• Data excerpt:
-------

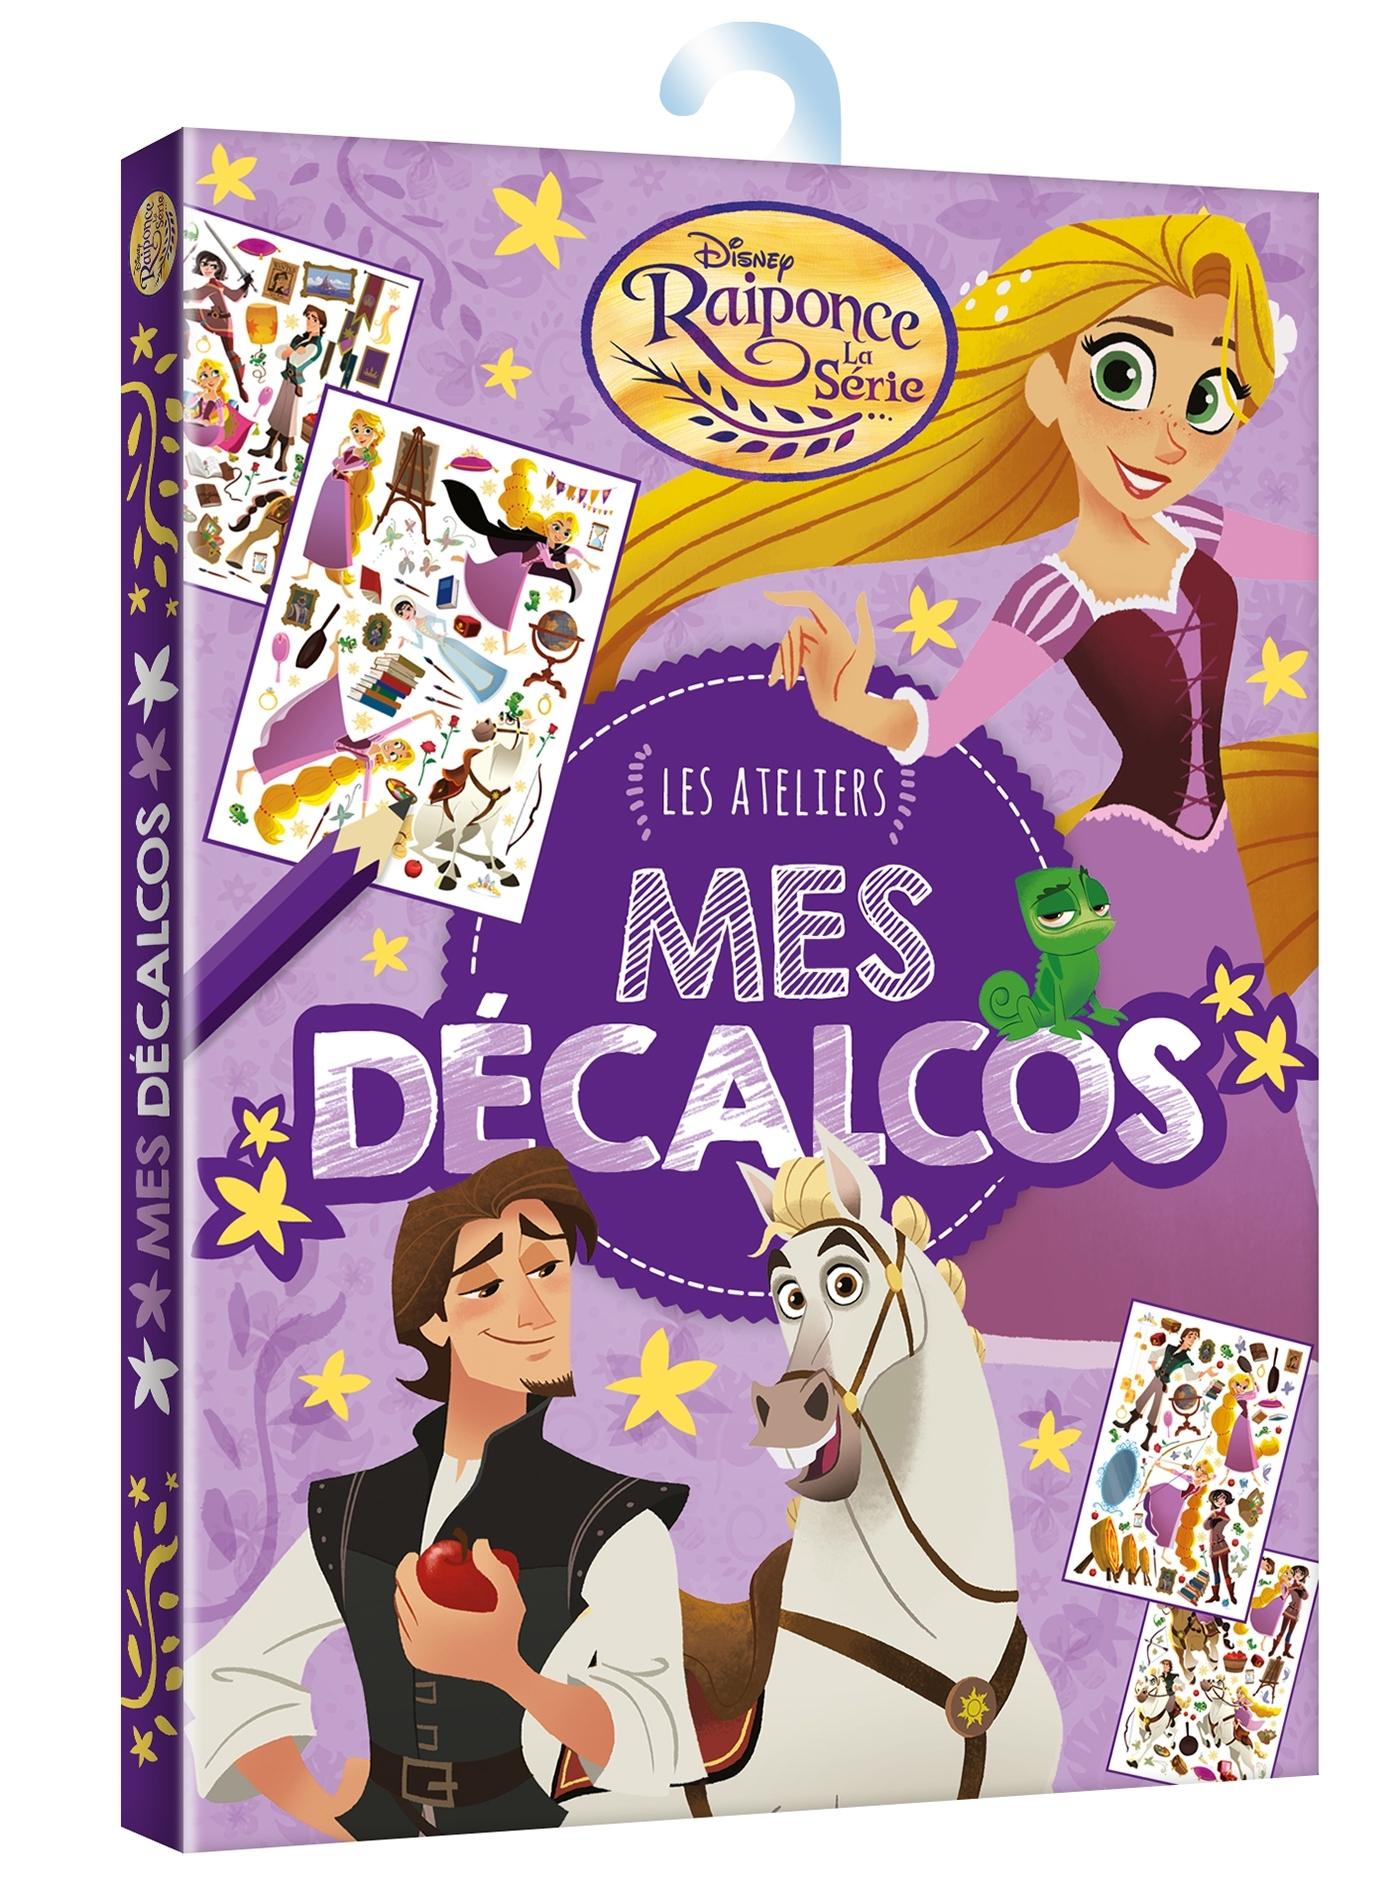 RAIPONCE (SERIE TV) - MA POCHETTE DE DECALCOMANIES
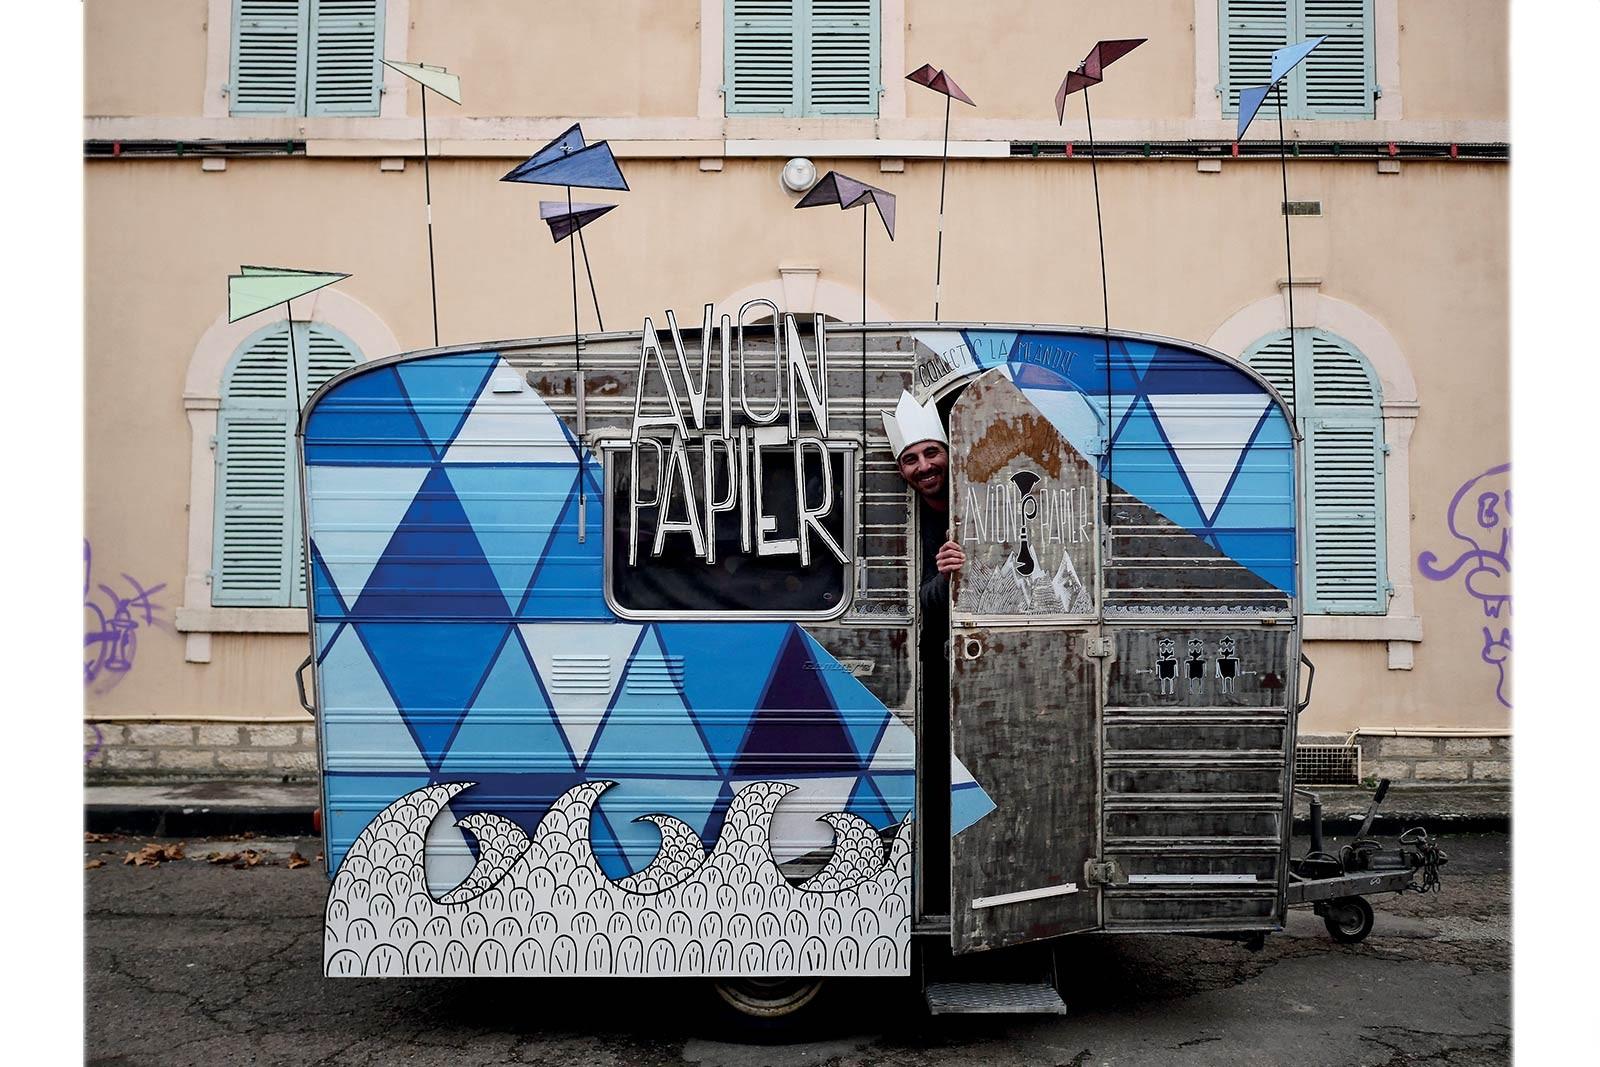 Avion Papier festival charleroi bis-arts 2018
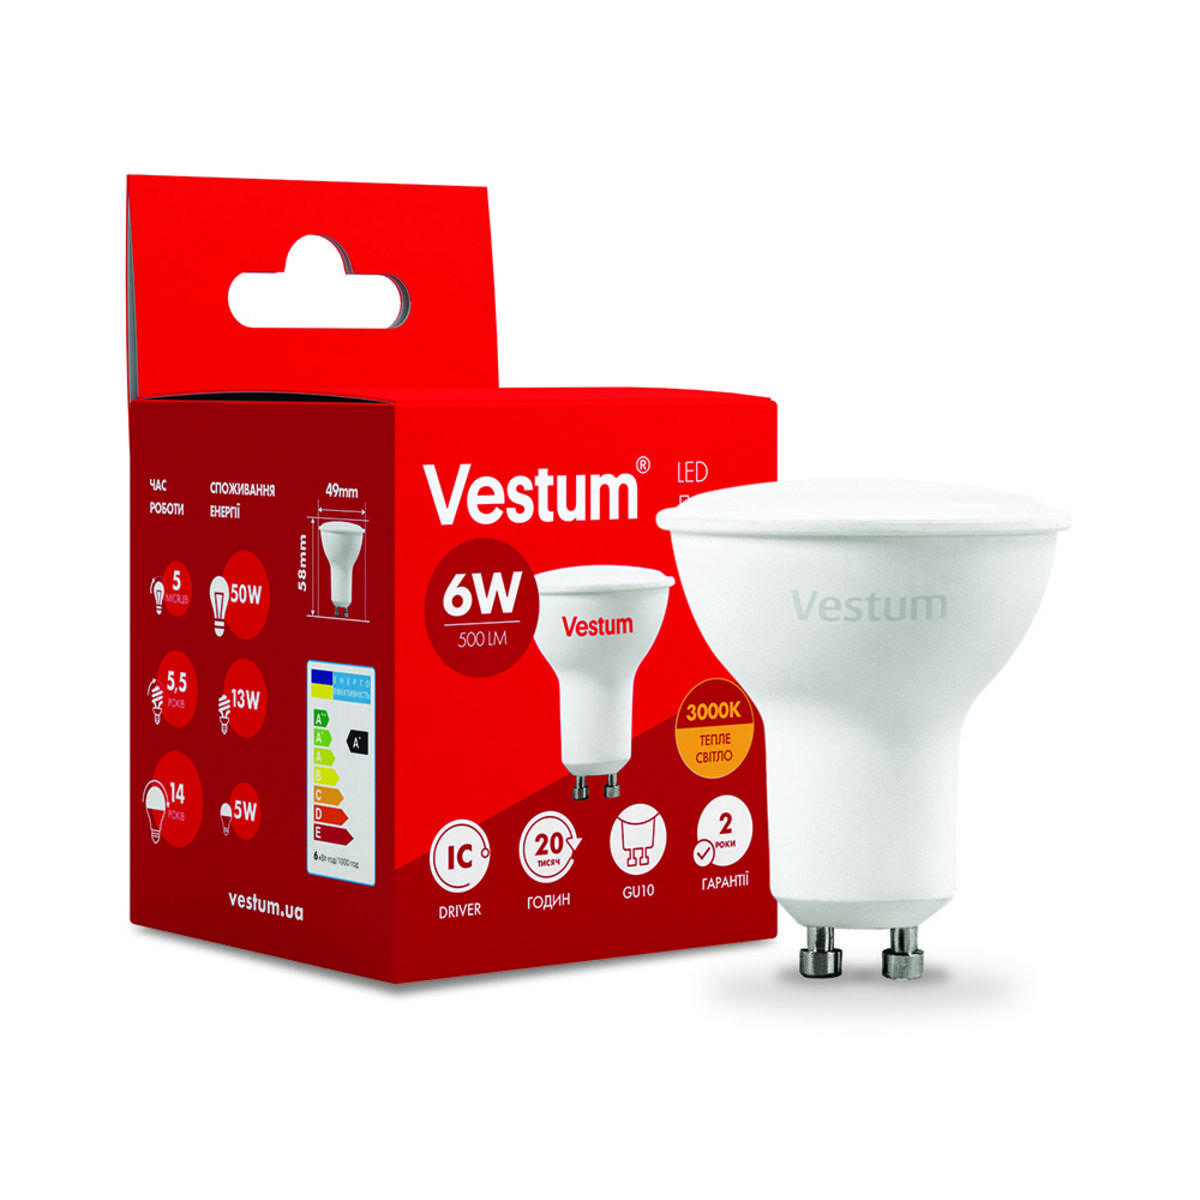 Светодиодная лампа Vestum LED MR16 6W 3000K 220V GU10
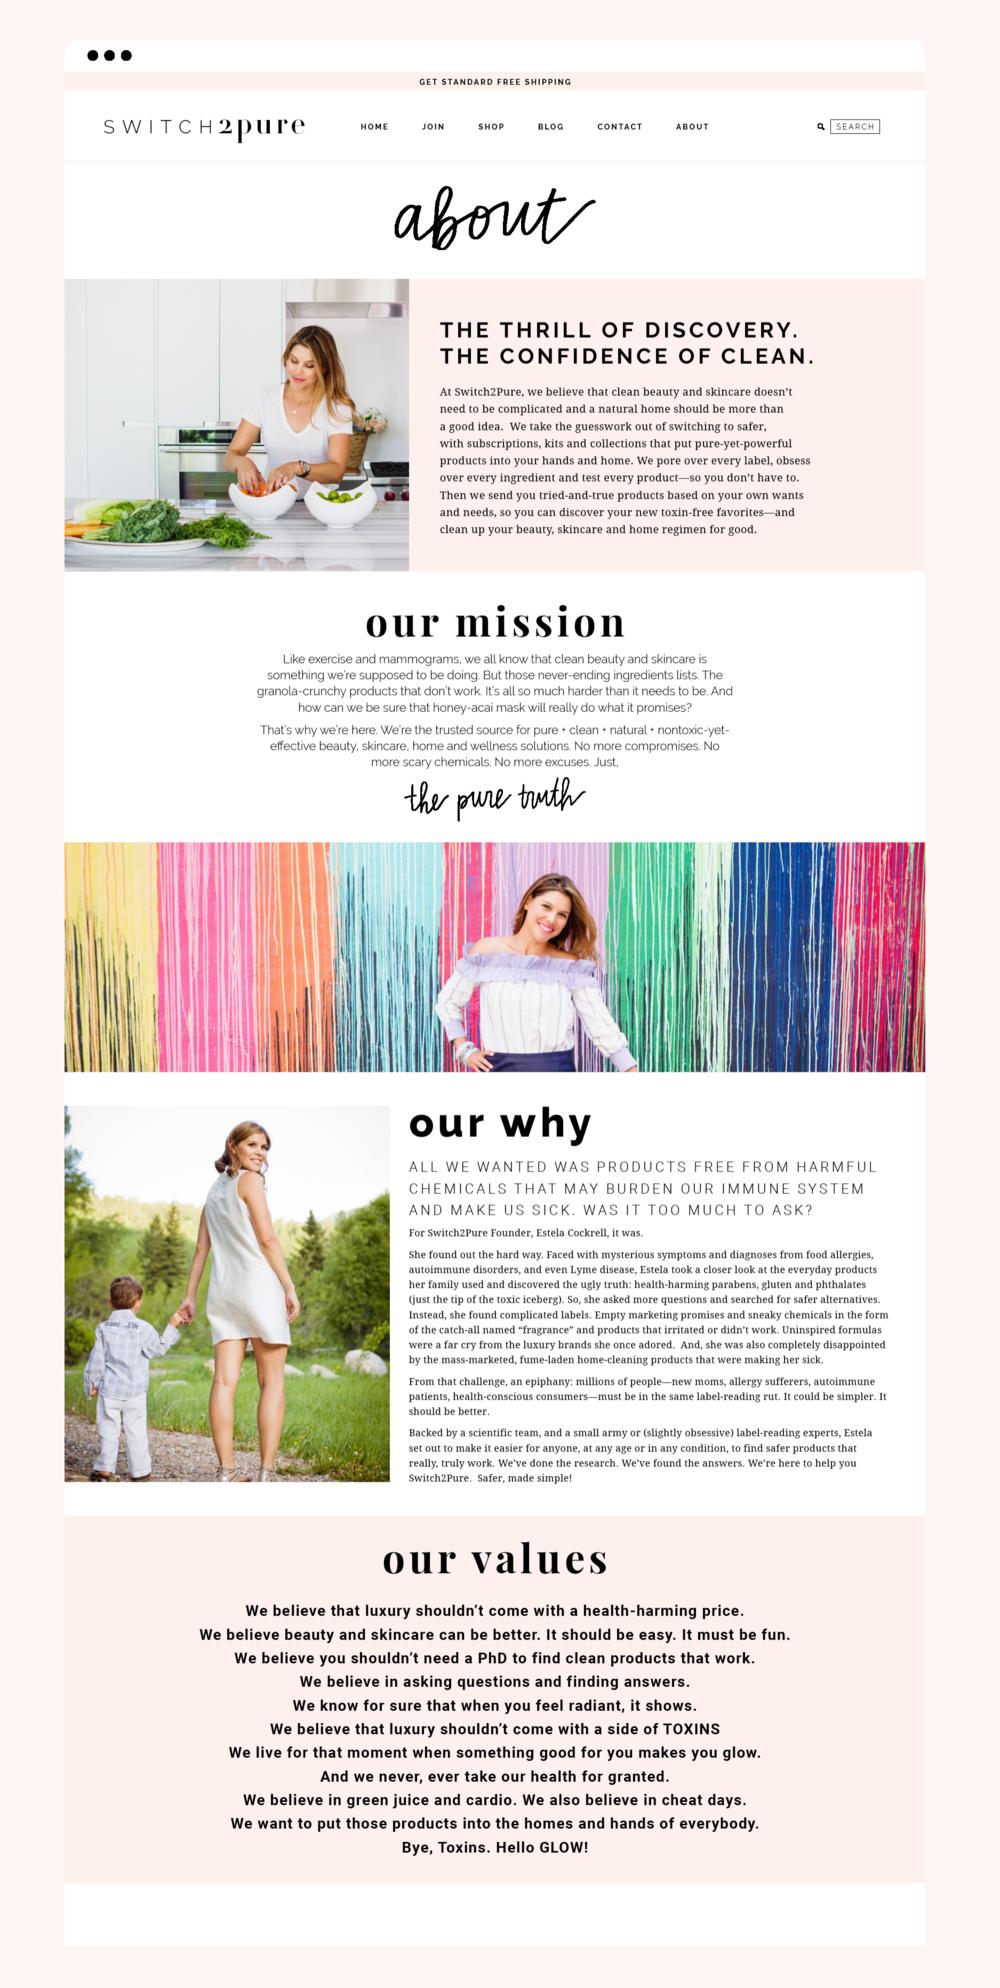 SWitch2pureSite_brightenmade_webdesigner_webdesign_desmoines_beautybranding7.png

-------

• Your goal: Reproduce every line of the material above, but drop the pictures.

• Response to this exercise:
 RAIPONCE (SERIE TV) - MA POCHETTE DE DECALCOMANIES
 Avion Papier festival charleroi bis-arts 2018
 Светодиодная лампа Vestum LED MR16 6W 3000K 220V GU10
 SWitch2pureSite_brightenmade_webdesigner_webdesign_desmoines_beautybranding7.png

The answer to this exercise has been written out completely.